Ruft der Kunde das Internetexposé einer Maklerfirma auf, so kommt ein Maklervertrag infolge des Exposés nur dann zustande, wenn dieses einen eindeutigen Provisionshinweis enthält.

Sachverhalt:
Die Klägerin verlangt von der Beklagten Maklerprovision für die Vermittlung eines Einfamilienhauses. Die Beklagte rief eine Internetanzeige der Klägerin im „Immonet“ auf. Die Internetanzeige enthielt keinen Provisionshinweis. Die Klägerin hatte die Internetanzeige bei Immonet – nach ihrer Behauptung – mit Provisionshinweis eingeben lassen. Aufgrund der Internetanzeige vereinbarte die Beklagte mit der Klägerin einen Besichtigungstermin, sagte diesen kurze Zeit später ab, weil sie das Objekt bereits von einem anderen Makler kenne.
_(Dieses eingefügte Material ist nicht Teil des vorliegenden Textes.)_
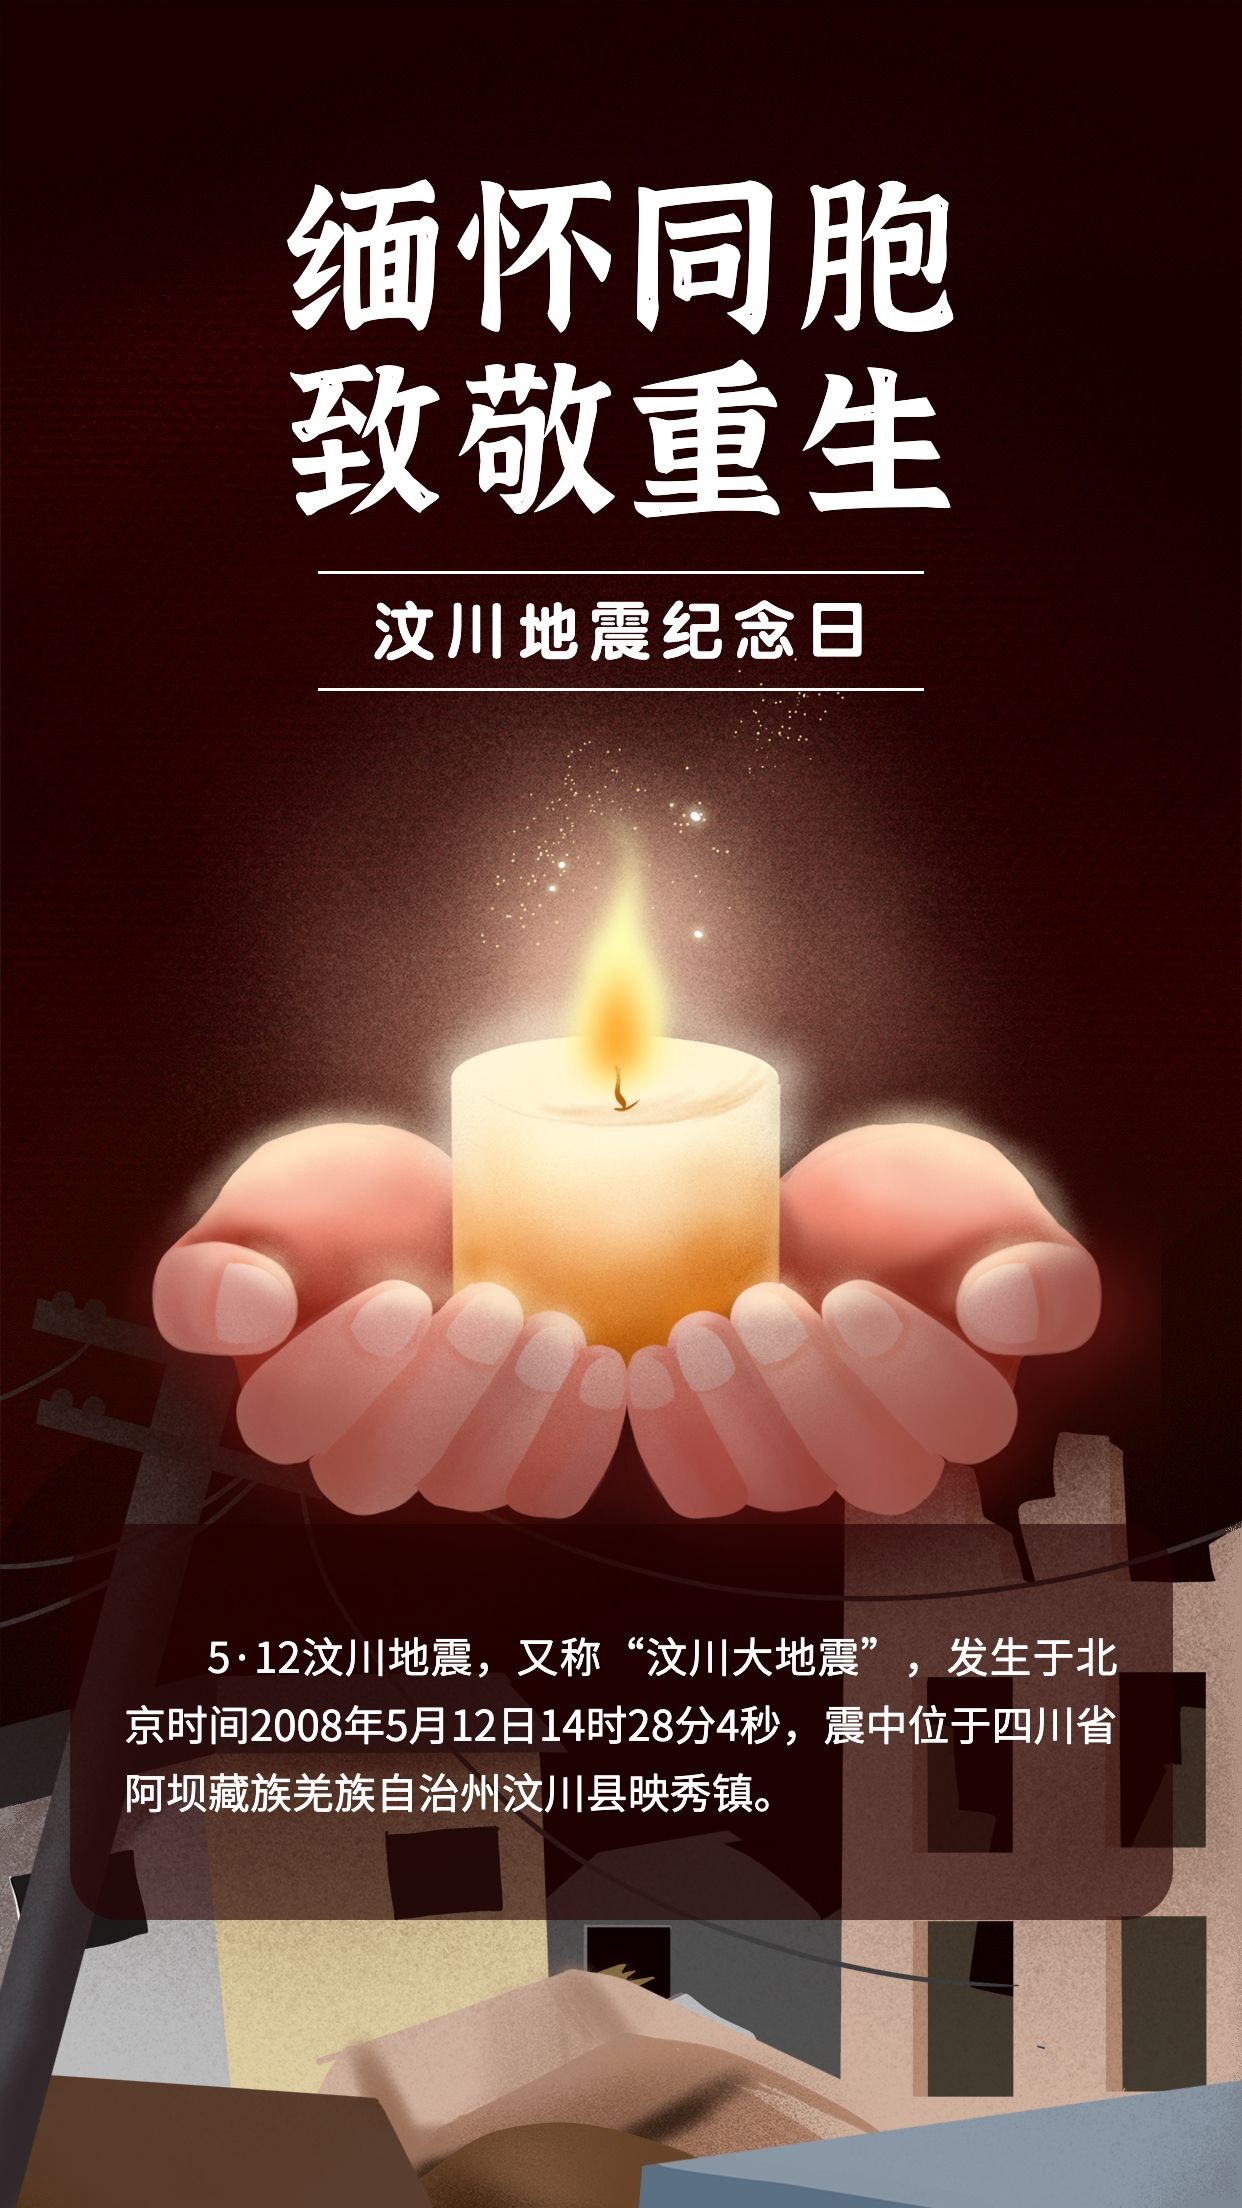 汶川地震纪念日节日宣传手绘插画手机海报

Die Klägerin behauptet, dass die Beklagte bereits im Sommer vor Einschaltung des anderen Maklers bei ihr angerufen habe. Sie sei auf die Provisionsverpflichtung hingewiesen worden und habe auch Bereitschaft erklärt, die Maklerprovision zu zahlen, nachdem eine Verhandlung über die Höhe abgelehnt wurde. Einen Monat nach Aufruf der Internetanzeige erwarb die Beklagte das Grundstück vom Eigentümer. Sie leistete an den ersten Makler Maklerprovision. Das Landgericht hat die Klage abgewiesen.

Entscheidung:
Der Klägerin steht ein Provisionsanspruch nicht zu. Sie hat den Abschluss eines Maklervertrages mit der Beklagten nicht bewiesen. Vom Abschluss eines Maklervertrages ist immer dann auszugehen, wenn der Kunde in Kenntnis des Provisionsverlangens des Maklers dessen Leistungen in Anspruch nimmt. Es ist unstreitig, dass die Beklagte eine Immonetanzeige der Klägerin aufgerufen hat. Die von der Beklagten vorgelegte Kopie des von ihr aufgerufenen Kurzexposés enthält jedoch gerade keinen Provisionshinweis. Die von der Klägerin vorgelegte Eingabemaske mit Provisionshinweis beweist nicht, dass diese den Anzeigeinhalt zu dem Zeitpunkt wiedergibt, als die Beklagte die Anzeige aufgerufen hat. Bei der Speicherung von Daten können Fehler auftreten. Die Klägerin hat auch nicht bewiesen, dass die Beklagte in anderer Form eine Provisionsverpflichtung gegenüber der Klägerin anerkannt hat. Die von der Klägerin benannten Zeugen konnten zur Überzeugung des Gerichts nicht bestätigen, dass ein Maklervertrag mit der Beklagten zustande gekommen ist bzw. diese sich zur Provisionszahlung verpflichtet hat. Die Klage konnte daher keinen Erfolg haben.

Praxishinweis:
Es ist nicht unumstritten, ob eine Internetanzeige des Maklers das Angebot auf Abschluss eines Maklervertrages darstellt. Unabhängig hiervon muss der Makler beweisen, dass er gegenüber dem Kunden ein eindeutiges Provisionsverlangen gestellt hat. Anderenfalls scheitert ein Provisionsanspruch mangels Vorliegens eines Maklervertrages.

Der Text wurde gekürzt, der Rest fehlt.